Keep in mind Ohms law only a applies to linear loads, like a resistor, IE the little filament inside of a light bulb. If you want to figure out the math on a non-linear load, like a starter motor, Watts law is the proper law to apply.

Watts law is:
P (Watts) = Voltage X Current.
Voltage = Power (watts) divided by current.
Current = Power (watts) divided by voltage.

Notice there is no resistance here, because there is no linear resistor. Electric motors are not linear resistors. Electric motors are rated in watts drawn. While the wattage rating of starter motors vary, your customary GM starter draws about 1.5 kilowatts, which to keep the math easier, is the same as 1500 watts.

So, let's say we have a bad ground, or corroded connection, causing a drop in voltage to a starter motor. Does the current consumed by the starter motor go up or down?

Let's do the equations.

We are solving for current, so the correct equation is Current = Power (watts) divided by voltage.

Current (Uknown) = Power 1500 watts / 12 Volts
1500/12 = 125. This means our 1500 watt rated starter motor, at a fixed 12 volts, draw 125 amps.

We all know battery voltage drops when a heavy load is applied, and then the voltage inside the battery recovers when the load is removed. So, what does our 1500 watt rated starter motor draw at 10 volts?

Same equation. Current (unknown) = Power 1500 watts / 10 volts.
1500/10 = 150.

So, at 12V, our 1500-watt starter draws 125 amps of current. At 10V our 1500-watt starter draws 150 amps of current.

The takeaway here is this:

Ohms law equations prove that when the voltage goes up, the current goes up. When the voltage goes down, the current goes down.

Watts law is just the opposite. When the voltage goes down, the current goes up, when the voltage goes up, the current goes down.

 

[JustJason]

saved

 

[JustJason]

update on my issue. after doing some checking with a voltmeter and test light I found that my alternator is putting out to the ignition switch 16.8 volts just off of idle on the hose. Way to high. Thinking this is what's burning up the contacts in my solenoid. Thoughts?

No, it's not, you have 2 separate problems. The contacts on the solenoid are open when the engine is running, not closed, and 16.8 V is not going to jump those contacts and burn them.

First, you are having an issue with your slave solenoid, not the starter solenoid; they are 2 different things.

The way it works is when you turn the key to start, voltage leaves the key switch and goes into and then out of the neutral safety switch inside of the shifter. After the voltage leaves the neutral safety switch, it travels down the harness and goes to the slave solenoid. Once that voltage hits the slave solenoid, the contacts inside f the slave solenoids close, and send voltage (from a different source, and not the key switch) to the starter solenoid, telling the starter solenoid contacts to close, and turn on the starter.

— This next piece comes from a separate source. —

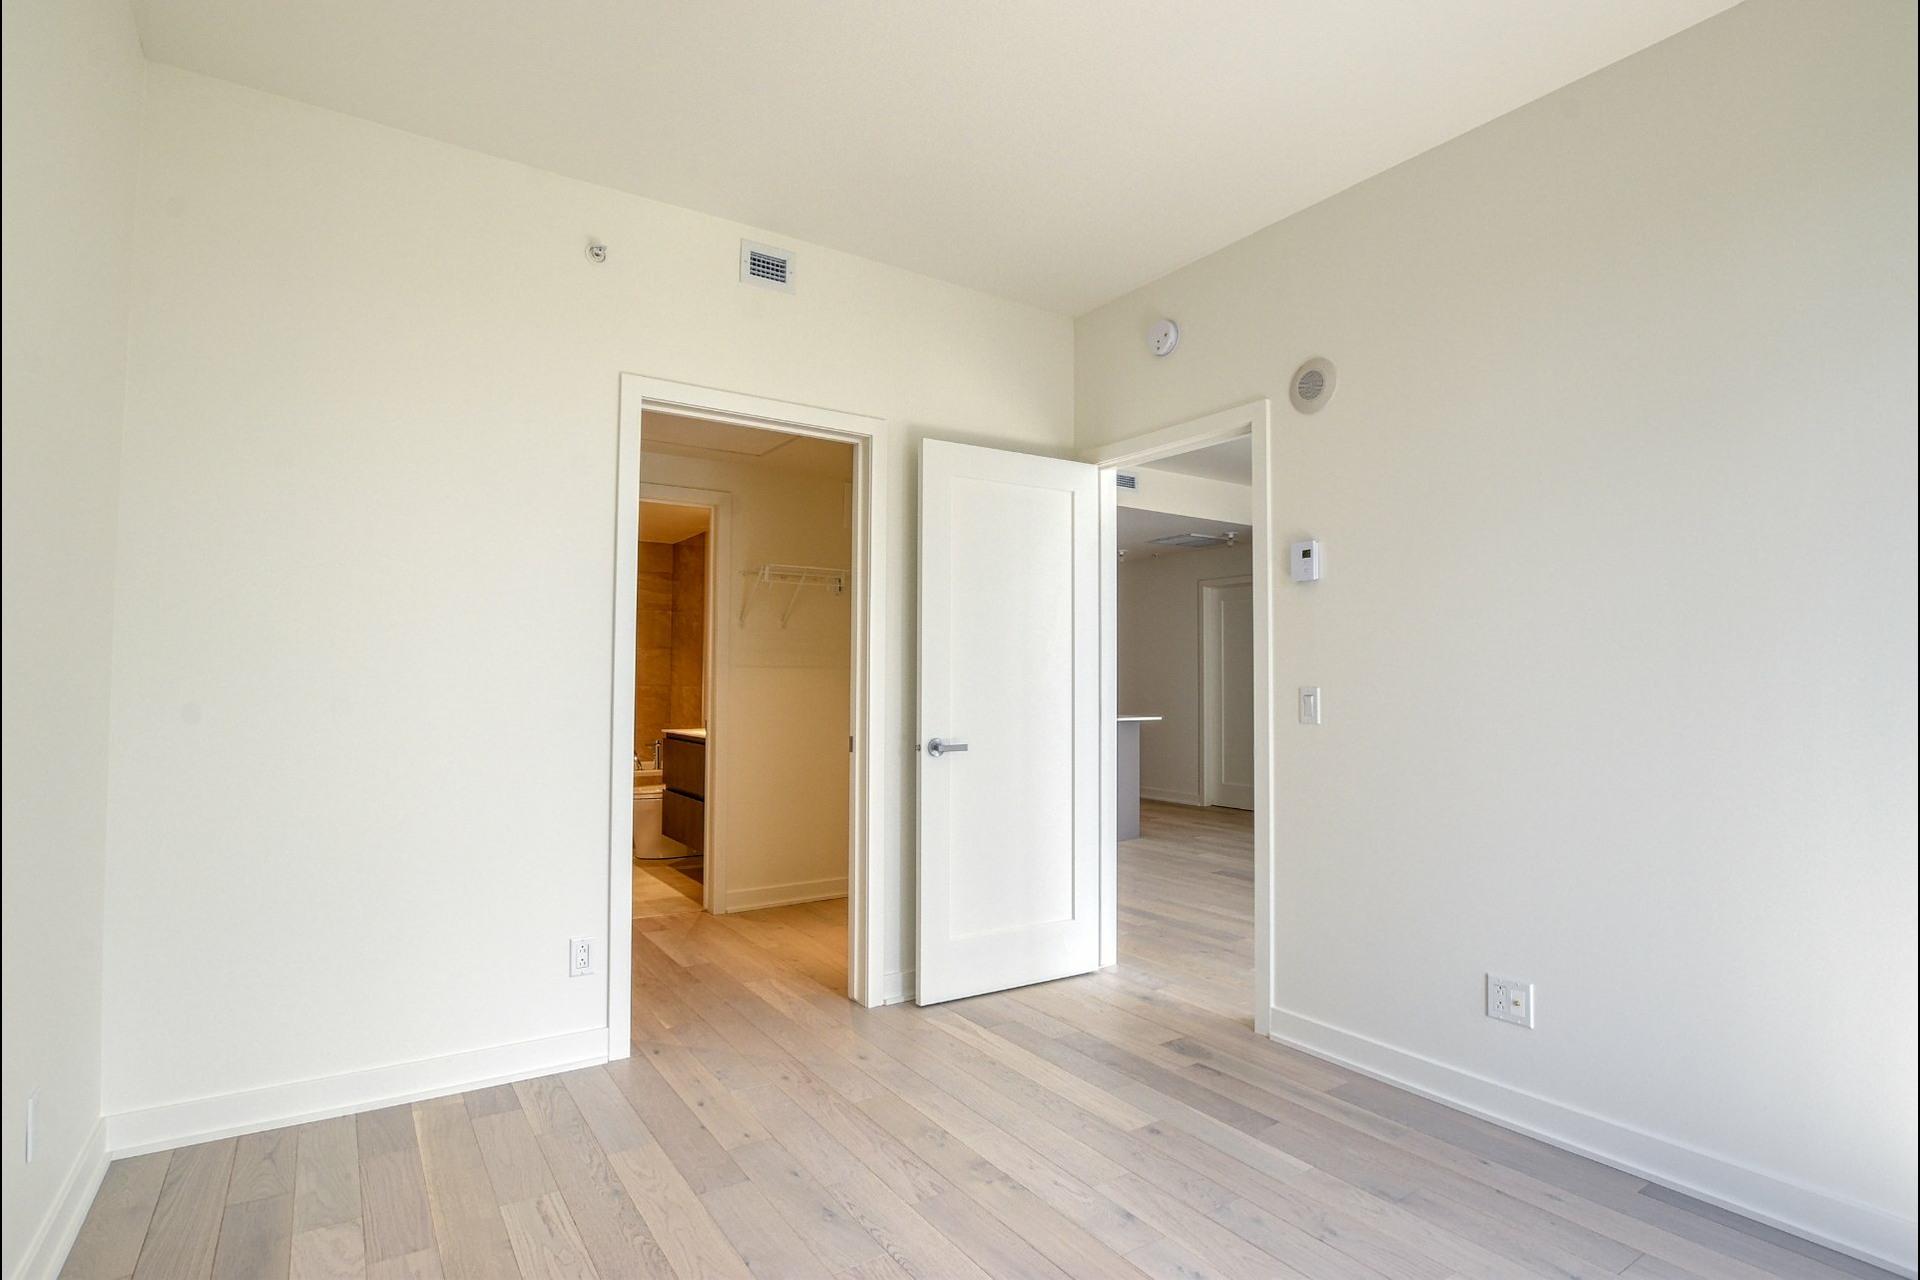 image 9 - Appartement À louer Verdun/Île-des-Soeurs Montréal  - 4 pièces

What you have to do here is first duplicate the problem. When it will not start, you need to have a helper repeatedly turn the key to start and see if that slave solenoid is clicking or not. If it's not clicking, you need to check for power on one of the small terminals on the slave solenoid and check for ground on the other solenoid. It's missing 1 or both.

As jumping the terminals on the slave solenoid turns the starter on, we know the voltage at the big terminals on the slave solenoid is fine, if there was an issue there, the starter would not turn on.

You probably have a bad key switch or a bad neutral switch, or loose wiring between them; that's usually what it is.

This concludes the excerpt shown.